DATA BLOCK:

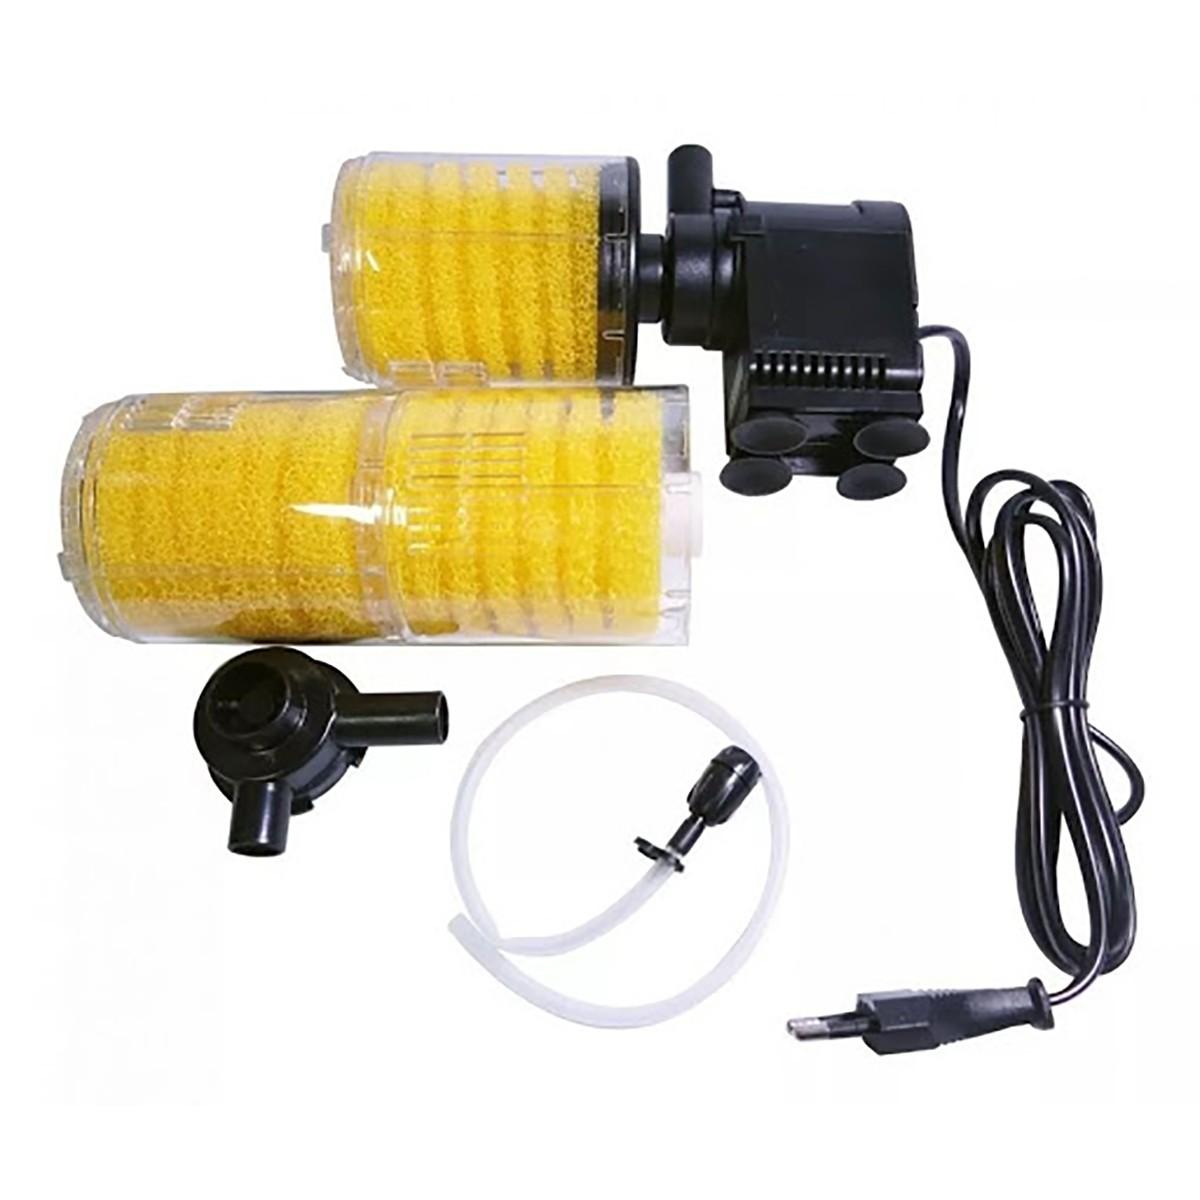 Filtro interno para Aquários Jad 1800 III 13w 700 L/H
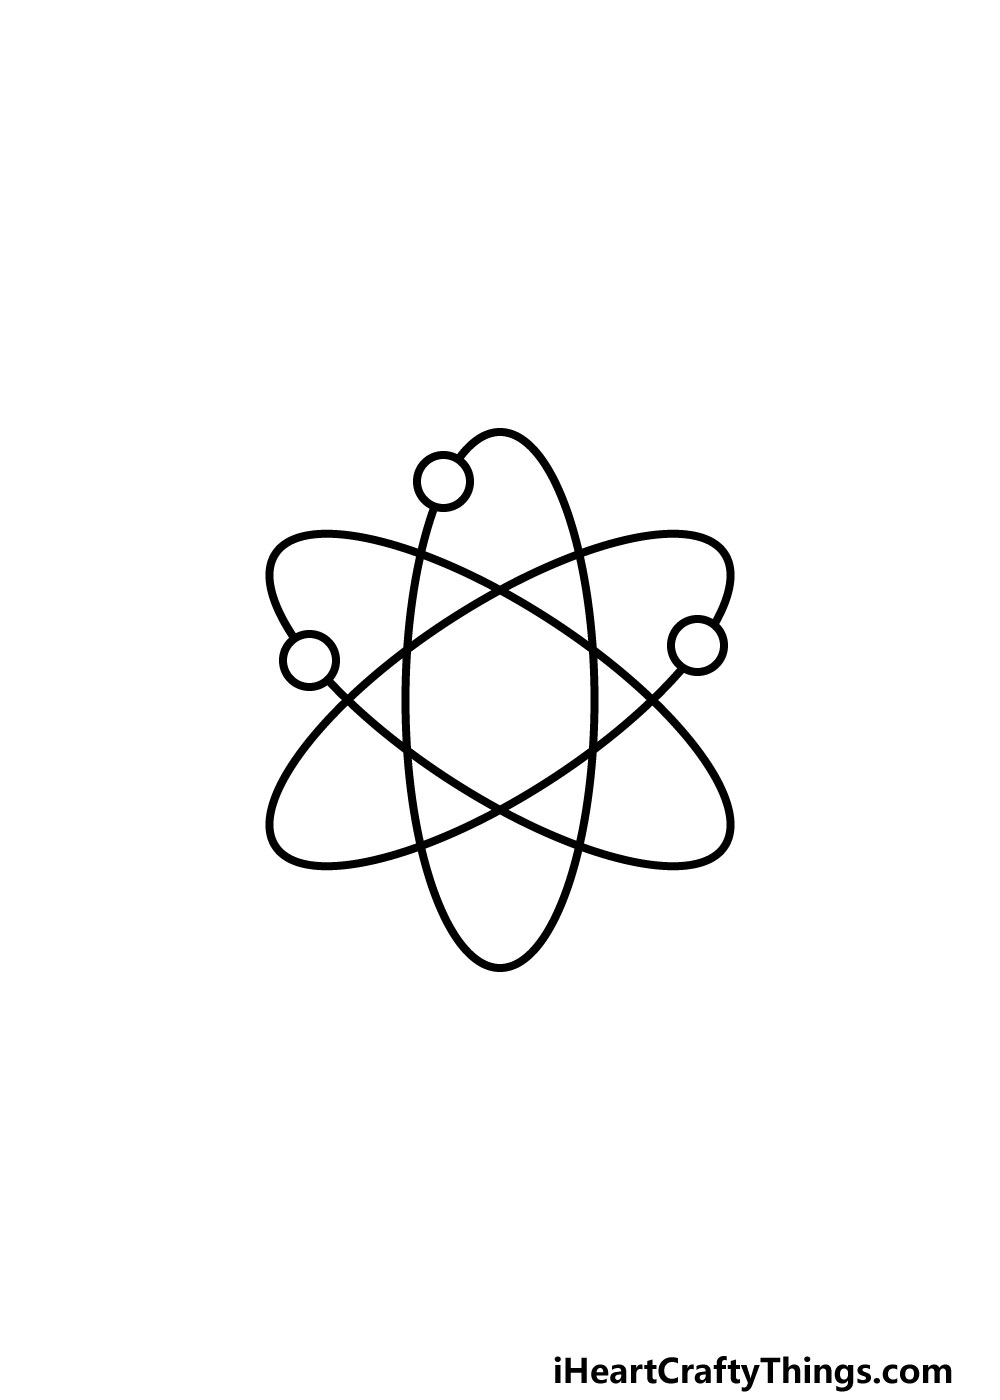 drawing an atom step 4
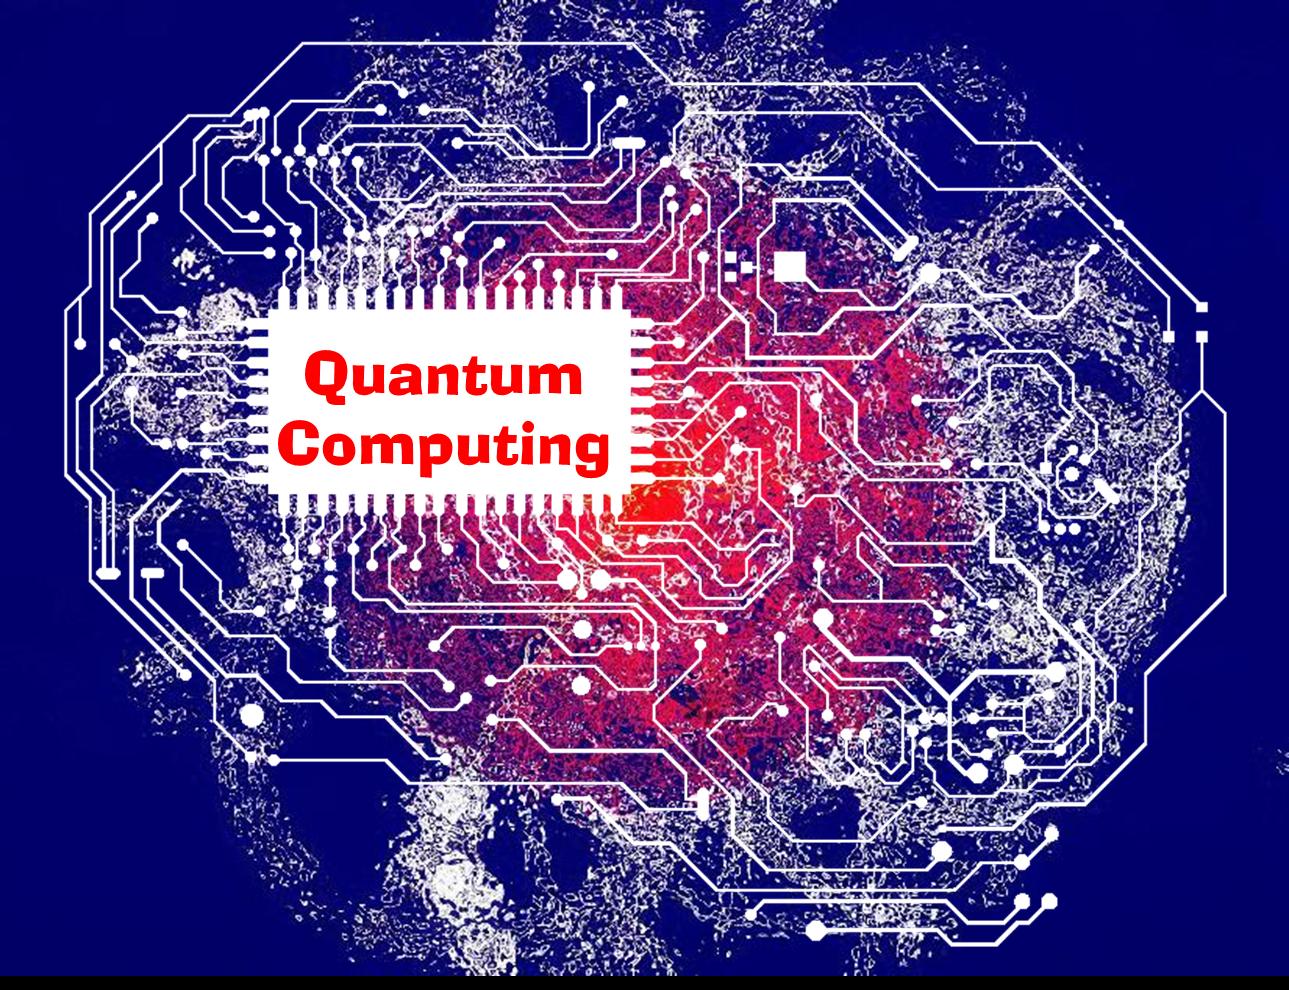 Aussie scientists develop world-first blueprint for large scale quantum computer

ASSIGNED TASK: Without the pictures, retype the whole of the material above exactly.

EXERCISE ANSWER:
 Filtro interno para Aquários Jad 1800 III 13w 700 L/H
 drawing an atom step 4
 Aussie scientists develop world-first blueprint for large scale quantum computer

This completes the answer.